17) What Shakespeare play is this quote from? What does it mean? “"There are more things in heaven and earth, Horatio, than are dreamt of in your philosophy."

The meaning of this quote is that often when things seem wrong, confusing or unjust that there is more to a system than meets the eye, levels of truth, meaning and complexity not visible to the casual observer. In the specific case, Horatio who was part of the unfolding plot was unable to see the rationale for the ghosts’ behavior, which was part of the larger plot.

18)What happened during the Civil War and the Protectorate in England? How did it affect literature?

19) What is the Restoration? Who is the famous writer from this time?

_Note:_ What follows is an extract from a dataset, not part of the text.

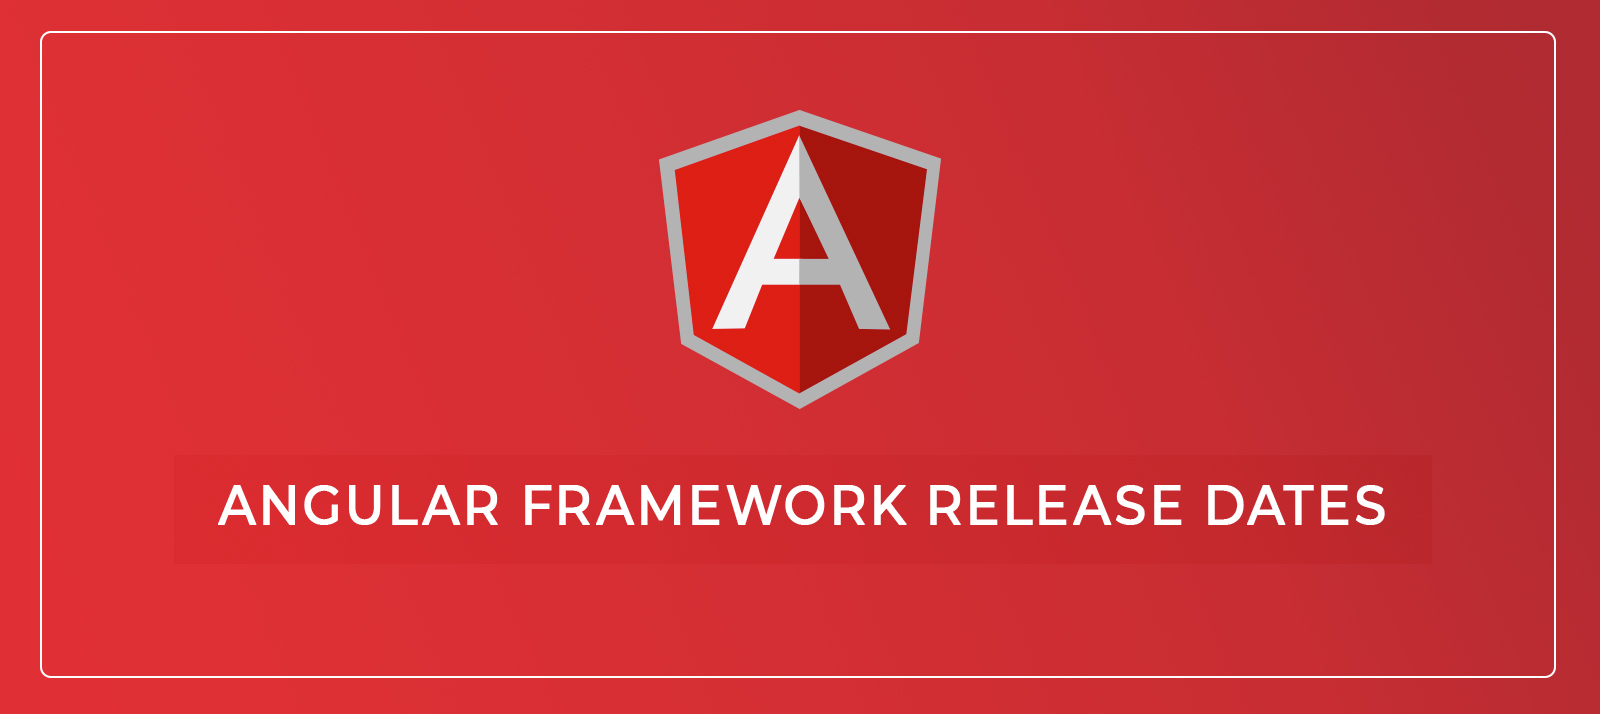 angular versions in service now

The Restoration of the English monarchy began in 1660 when the English, Scottish and Irish monarchies were all restored under Charles II after the Interregnum that followed the Wars of the Three Kingdoms. The term Restoration may apply both to the actual event by which the monarchy was restored, and to the period immediately following the event. A famous writer of the Restoration times is John Milton (9 December 1608 – 8 November 1674), who was an English poet, polemicist, a scholarly man of letters, and a civil servant for the Commonwealth (republic) of England under Oliver Cromwell. He wrote at a time of religious flux and political upheaval, and is best known for his epic poem Paradise Lost.